SemRep identifies many semantic predications representing various aspects of biomedicine. The core relations addressed refer to clinical actions (e.g. TREATS, PREVENTS, ADMINISTERED_TO, MANIFESTATION_OF) and organism characteristics (LOCATION_OF, PART_OF, PROCESS_OF). SemRep has recently been enhanced to address pharmacogenomics text . Relations in this semantic area refer to substance interactions and pharmacologic effects (AFFECTS, CO-EXISTS_WITH, DISRUPTS, AUGMENTS, INTERACTS_WITH, INHIBITS, STIMULATES), as well as genetic etiology (ASSOCIATED_WITH, PREDISPOSES, CAUSES). The majority of SemRep’s relations are drawn from the Semantic Network; however, several have been defined to extend the coverage of that ontology in several semantic areas, including ADMINISTERED_TO (clinical actions), CO-EXISTS_WITH (substance interactions), and PREDISPOSES (genetic etiology).

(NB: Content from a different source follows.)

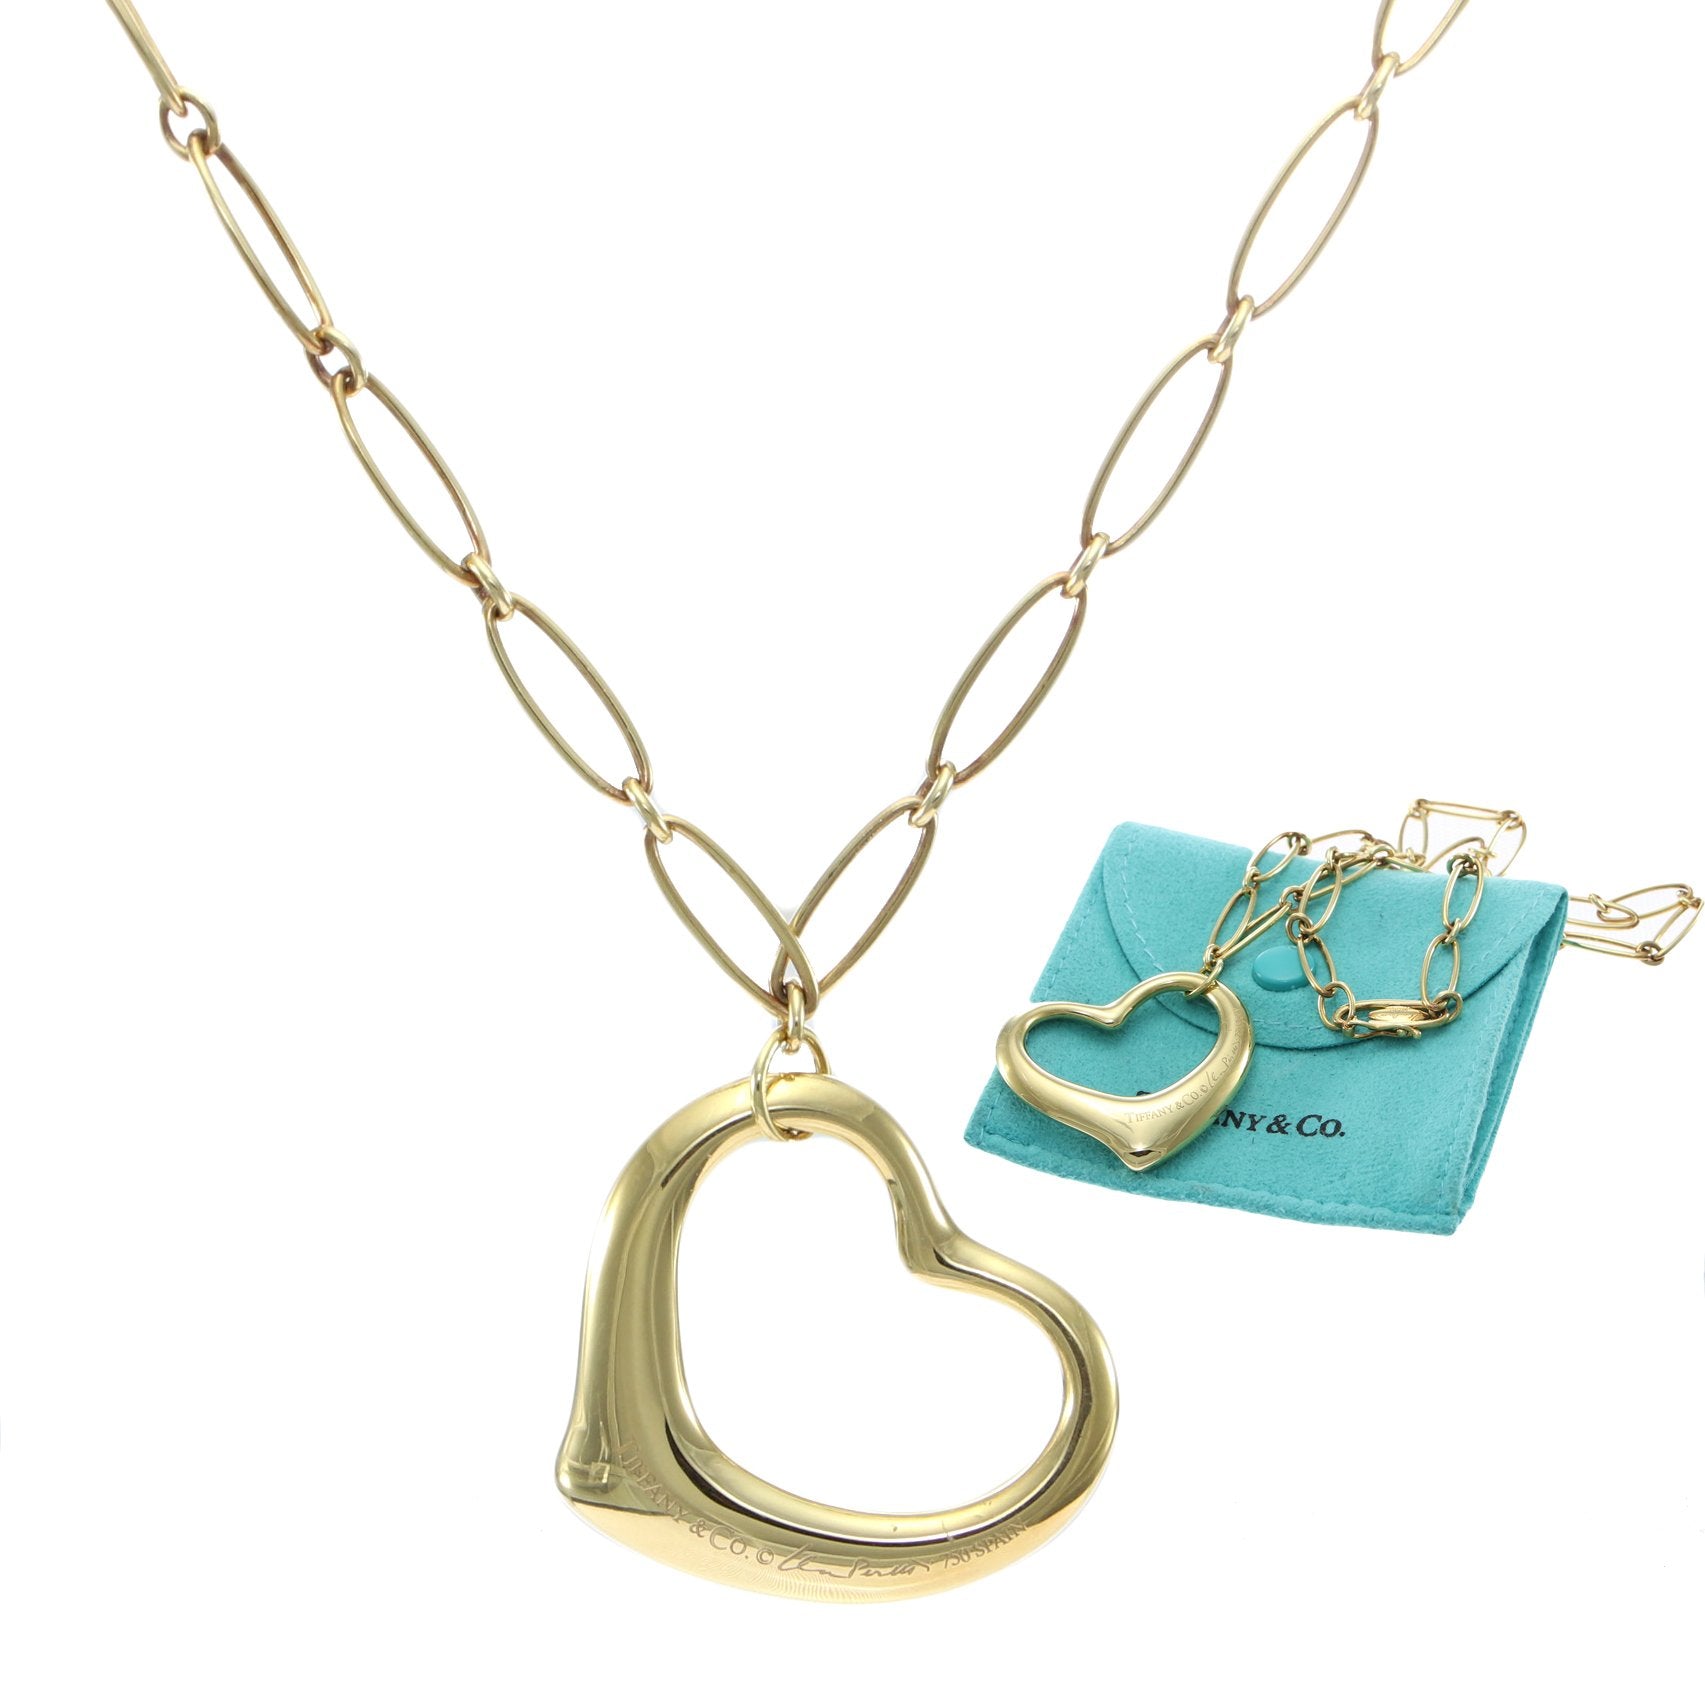 Tiffany & Co. Elsa Peretti Large Open Heart Pendant Chain Necklace 18k Gold  36mm

Each semantic relation extracted by SemRep is based on an ontological predication contained in a modified version of the UMLS Semantic Network. The arguments in these predications are UMLS semantic types, such as “Human” or “Anatomical Structure”, which can, for example, appear in the predication “Anatomical Structure PART_OF Human.” All predications extracted from text by SemRep must conform to an ontological predication.
Semantic interpretation is based on the underspecified parse structure, in which simple noun phrases are enhanced with corresponding Metathesaurus concepts by MetaMap . For example, processing of the phrase Extracorporeal shock wave lithotripsy in the treatment of renal pelvicalyceal stones produces the structure below.
[[mod(extracorporeal), mod(shock), mod(wave), head(lithotripsy), metaconc(‘Extracorporeal Shockwave Lithotripsy’:[top])], [prep(in), det(the), head(treatment), metaconc(‘Treatment’:[top])], prep(of), mod(renal), head(pelvicalyceal stones), metaconc(‘Kidney Calculi’:[patf])]]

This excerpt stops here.